Thursday, April 2, 2009

Rules and the "Old School Renaissance"

There have been a few very interesting posts in the old-school blogosphere recently, most notably one from Mr. Raggi over at LotFP, and one from Mr. Shook at LotGDs, each in their own way trying to balance the various "D&D" rule sets out there with the current momentum of the "Old School Renaissance". Good reading.

I'm perhaps a bad person to discuss this topic, as I feel books like "A Princess of Mars", "The Swords of Lankhmar" and "The Black Company" are far more important to your gaming experience than whether you choose between OSRIC, Labyrinth Lord, or D&D4E.

That said, I think one of the biggest reasons gamers are flocking (can I say "flocking" here?) back to the older editions specifically (and their modern simulacra) is that these rule sets are simpler, and thus more easily adapted to fit what each DM/group envision as their ideal game world. It's easy to say that OD&D and such were too amorphous and ever-changing to qualify as a flag for the old-school movement to rally around, but this is only valid if you were around at the beginning to experience it.

A large number of gamers I know picked up the hobby during the AD&D 1E days, left after 2E came out, and came back to it after 3E through a mixture of curiousity and nostalgia. While 3E, and even 4E, can be enjoyable under the right circumstances, they certainly aren't going to inspire the legendary gaming experiences my 30-and-40-something generation remembers fondly from their youth, nor recreate the gaming exploits they read about greedily in old issues of Dragon or witnessed as teens at conventions with veterans-at-play.

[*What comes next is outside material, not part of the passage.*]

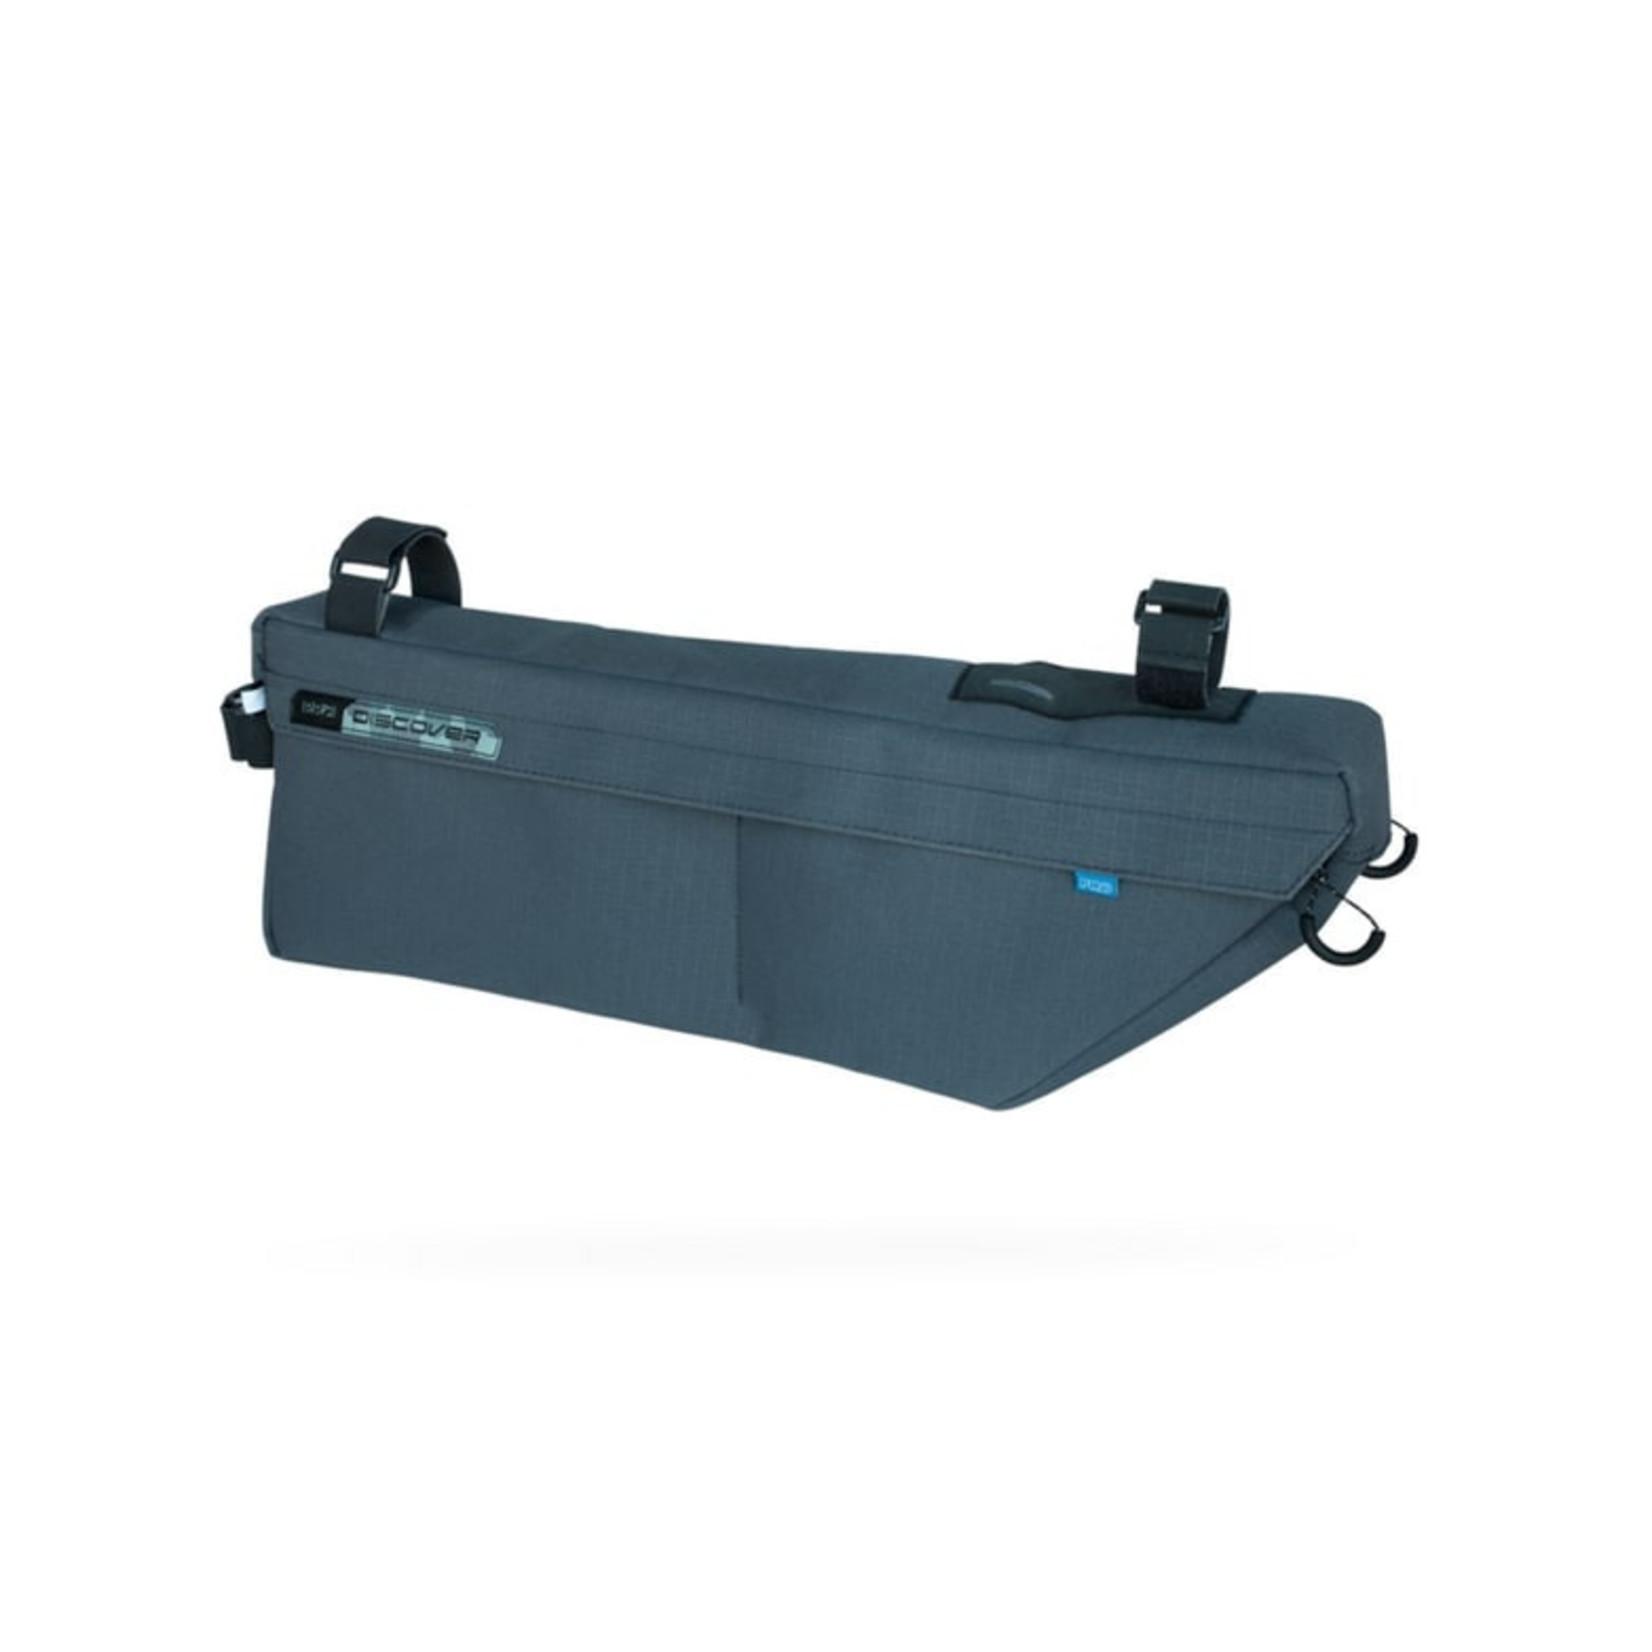 Pro Pro Discover Frame Bag

What simulacra like S&W and LL do exceedingly well is give modern gamers easy access to concise, inspired representations of the oldest editions of D&D, and lets them develope their home games naturally from there.

As OD&D gradually morphed into 1E AD&D and B/X in the late seventies, fell into corporate hands in the late 80's and gradually morphed from there into the rules-heavy 3E (well, what did you expect with a Rolemaster vet as a lead designer?;-), so can LL, S&W, and OSRIC morph into something altogether new over time. Only this time, it could do so in the hands of the old-school gaming community, with no corporate interests in mind.

Whether these disparate editions will morph into a unifying old-school edition to rule them all, the lack of which Mr. Raggi laments, remains to be seen. But I do think some evolution is inevitable, and given the current climate of creativity and respect for D&D's roots, most likely headed in the right direction.

Wednesday, April 1, 2009

RIP Black Leaf

Sadly, Marcie's thief Black Leaf was killed last night by a poisoned trap. Our DM ejected her from the game, which I found a little harsh, but bizness is bizness, right? I called Marcie this morning but she's not answering. Probably out shopping or something.

Good news, though! Debbie's cleric finally made 8th level! Our DM told her that means she can cast real spells now, and the little airhead believed it lol. Blonde gamers are funny! Looks like its a little april fools joke on her.

Anyways, there's a big bonfire at church tonight. Maybe I'll bring all my gaming stuff and see if I can get a little pickup game going.